Blog Series – Power’ing up your Home Office Lights: Part 3 – Using Logic Apps to Authorize and Get Access Token using Oauth and Hue Remote API

This blog post is part of the Blog Series: Power’ing up your Home Office Lights with Power Platform. See introduction post for links to the other articles in the series:—powering-up-your-home-office-lights-using-power-platform—introduction/

Now that we have registered the application for Hue Remote API, and stored the client Id and Secret in Azure Key Vault, we can start build the Logic App that will authorize and get access token via Oauth2.

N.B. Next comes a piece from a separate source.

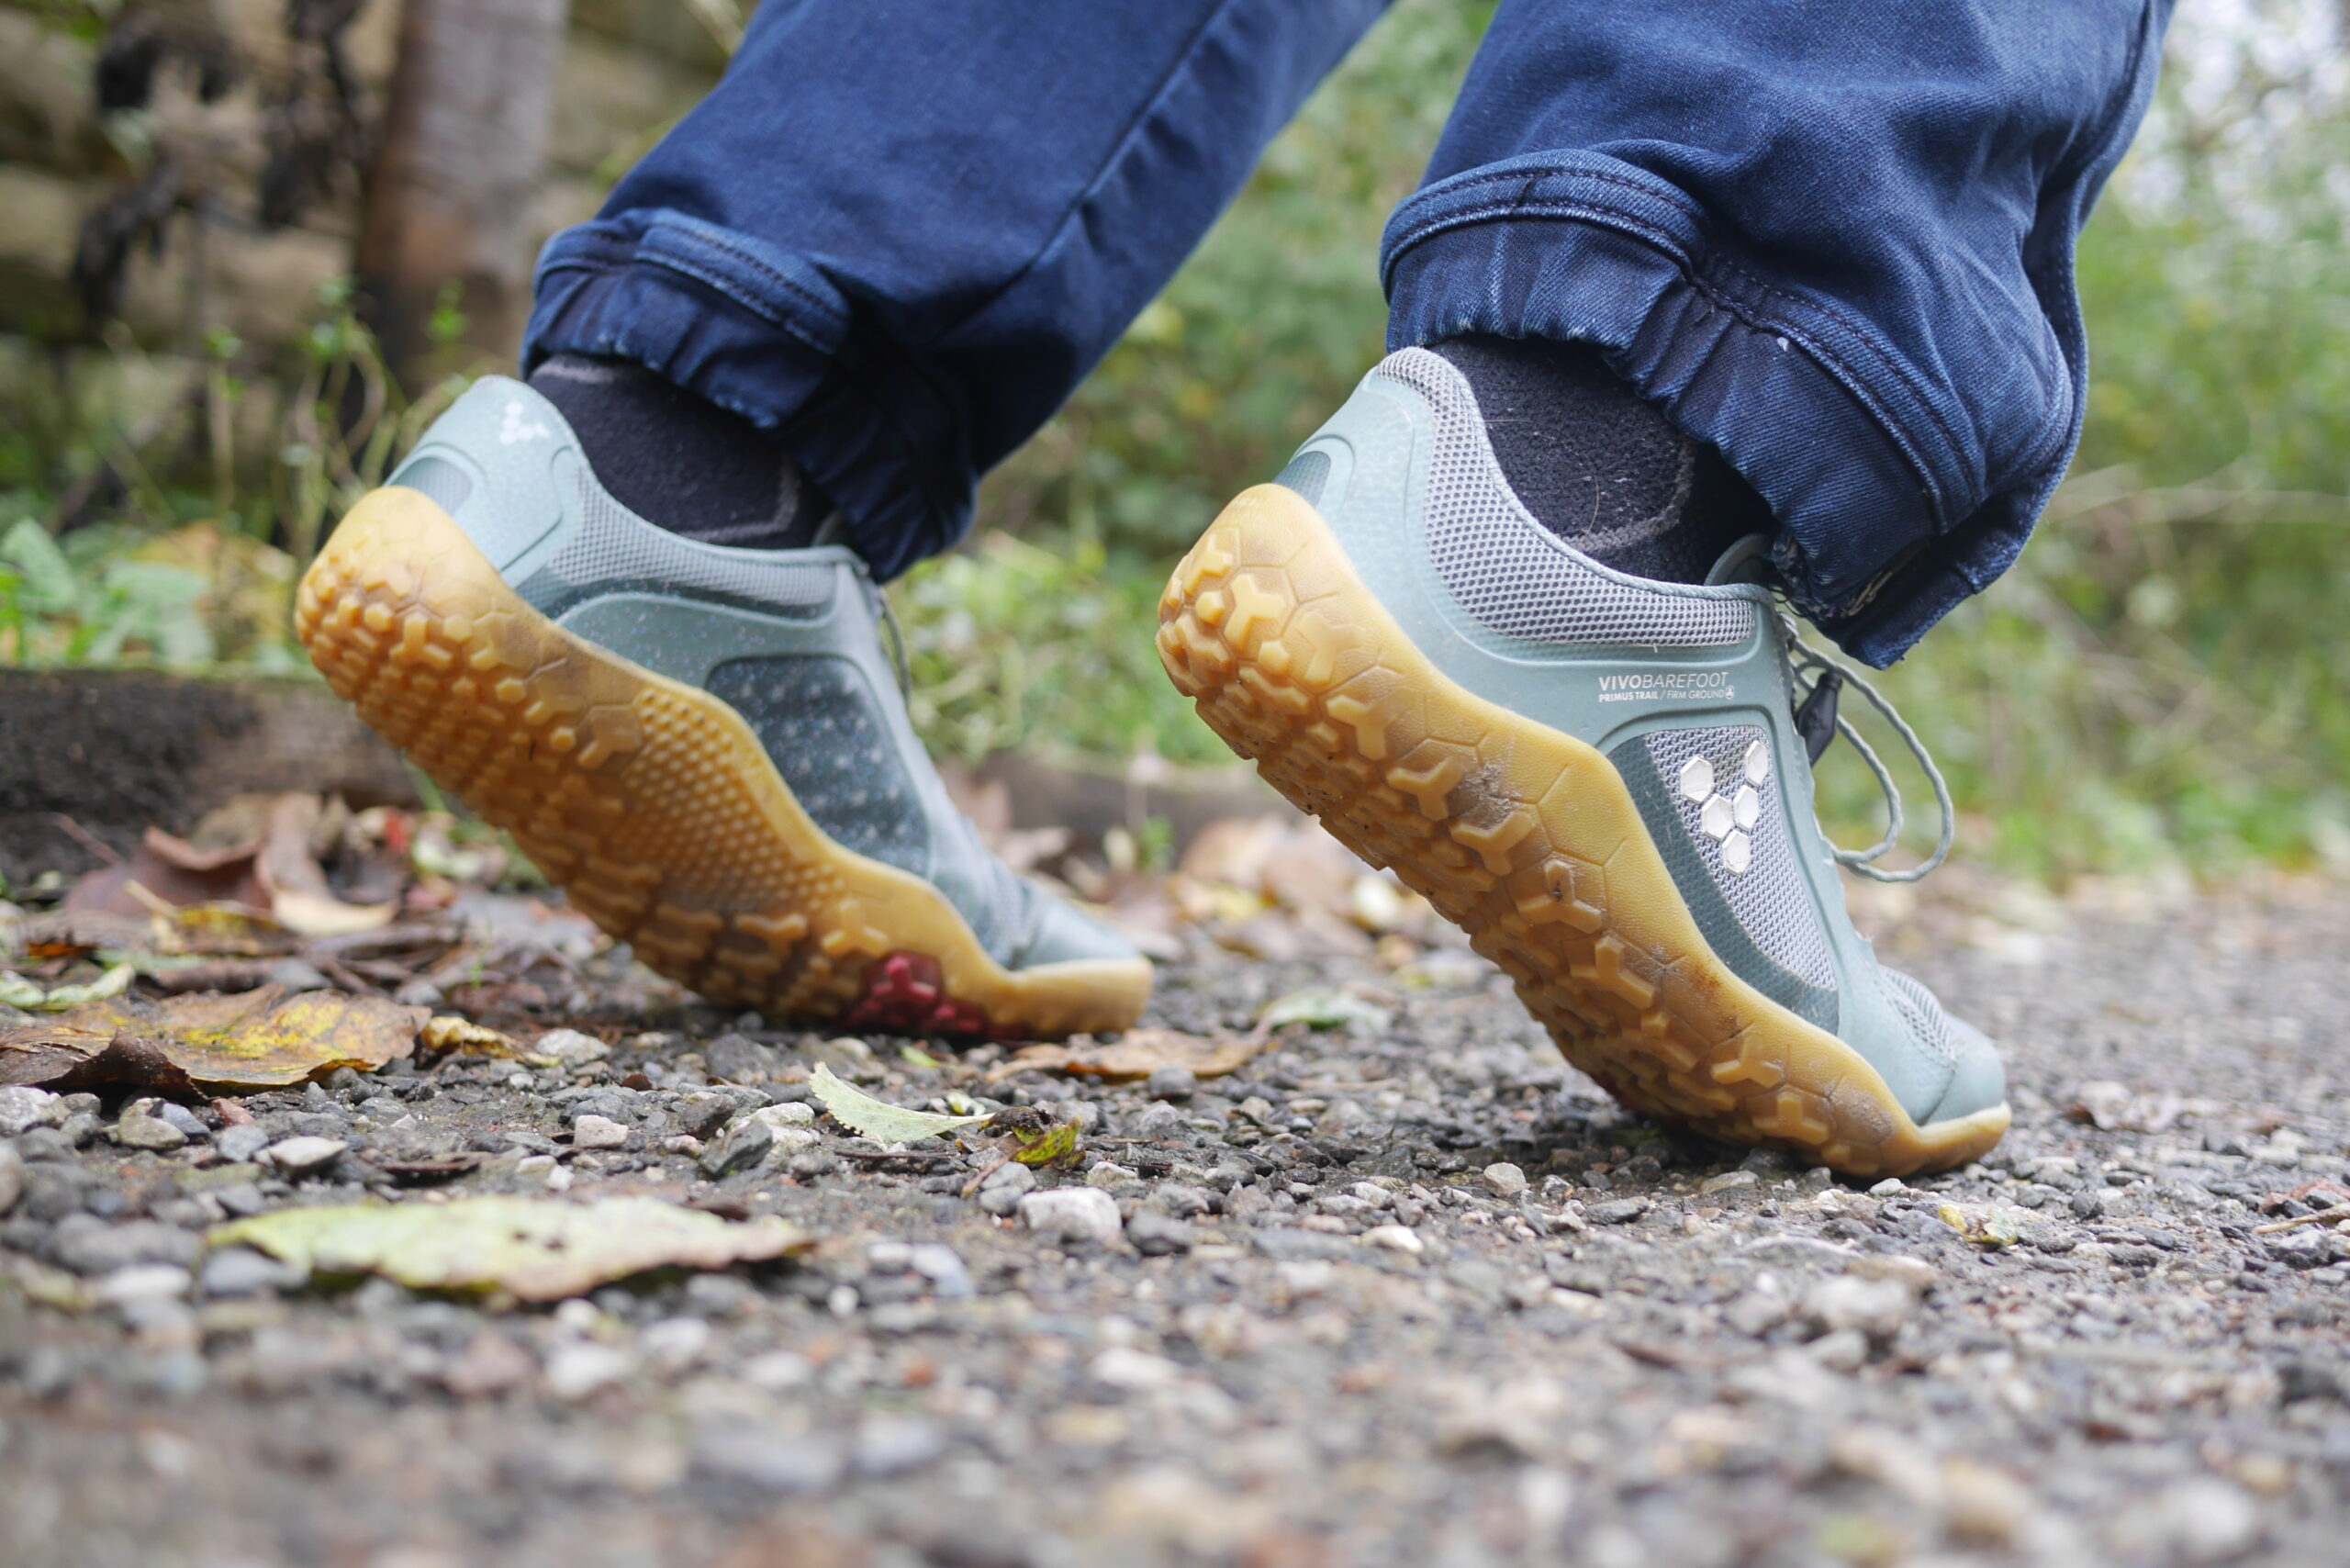 Men's Outdoor Shoes, Vivobarefoot

Here is a short video where I introduce the concept:

Create the Logic App and HTTP Trigger

The first thing you need to do, is to create a new Logic App in your Azure subscription. Select the Resource Group you have contributor access to, and give the Logic App a suitable name, as per your naming guidelines:

Next, select HTTP request to be the trigger for the Logic App:

After that you will see the following in the Logic App designer:

Make sure you hit Save on the Logic App before the next step. You will now be shown the URL, but first go down to the “Add new parameter” and select Method and GET for method. This way your Logic App will trigger on HTTP GET requests, which is required for the Authorization Code flow with Hue:

Now copy this URL, and make sure that no one but you can access this URL, as this is a SAS (Shared Access Signature) URL that anyone in the world can send requests to if they know the URL. Save the Logic App.

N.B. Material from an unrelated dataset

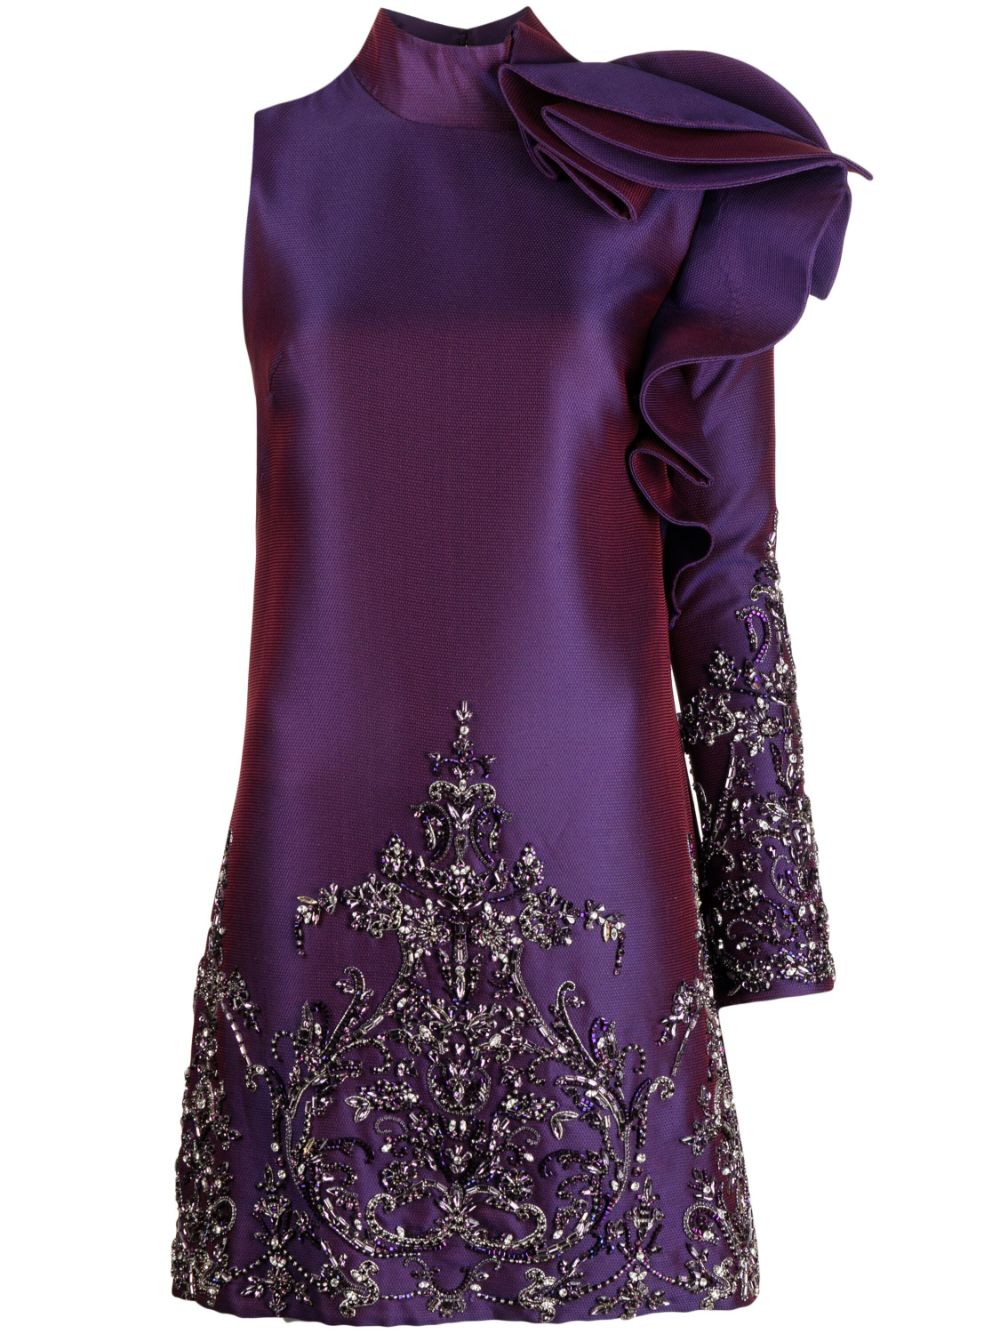 Saiid Kobeisy One-Shoulder-Kleid mit Tüll - Violett von Saiid Kobeisy

Go back to your App Registration in the Hue Developers Portal, and change your temporary http://localhost/logicapp Callback URL to your Logic App URL:

This means that from now on, the Logic App will handle the authorization code for the Hue App. But first we will need to let the Logic App access the Key Vault.

Adding Logic App Identity and Key Vault Access

For the Logic App, under Settings and Identity, set system assigned managed identity to On:

After this setting is saved, you can later see the status and the object id of the service principal.

Next, under your Key Vault, click on Access Policies and Add Access Policy, from there selec the Get, Set and List Secret Management operations, and for principal search for and add the Logic App. This should look like this after adding:

With permissions in place, we are now ready to add actions to the Logic App.

Add Actions for getting Access Token

The first ting we need to do is to get the authorization code after the Hue App registration redirects back to the callback URL. This is returned as a querystring appended to the URL. Add a “Compose” action and use the following expression for getting the request queries:

(I’ve added the custom expression to comments for better visibility).

Then we need to get the Client Id and Secret from the Kay Vault. Add a HTTP action next, where we will use the Azure Rest API for getting the secret, and authenticate with the Managed Service Identity:

The URI above points to my Azure Key Vault URI, and the specified secret. The documentation for getting secrets can be seen here: Get Secret – Get Secret (Azure Key Vault) | Microsoft Docs.

The same applies to getting the Client Secret, add another HTTP action:

The get an access token from Hue Remote API we must either use Basic Authentication or Digest Authentication. Since I’m running this as a Logic App in a controlled environment and trusting the SSL encryption I will use Basic Authentication. In addition, I will secure the outputs from getting Client Id and Secret from Key Vault, so that other users cannot see those values from the run history:

This setting has been enabled for both the actions getting KV Secret Client Id and Client Secret:

For obtaining an Access Token with Basic Authentication the following header is required: Authorization: Basic <base64(clientid:clientsecret)>

This means that we need to base64 encode the clientid + “:” + clientsecret. This can be done using this lengthy expression, here in a “initialize variable” action:

This above action is just for reference though, as the HTTP action supports base64 encoding out of the box. So when posting to the token endpoint, the best way is to use the following:

(PS! Another way to do Basic Authentication in a HTTP action would be to add the Authorization header manually in the Action above with: “Basic <your calculated base64>” as value, and leaving the Authentication type to None.)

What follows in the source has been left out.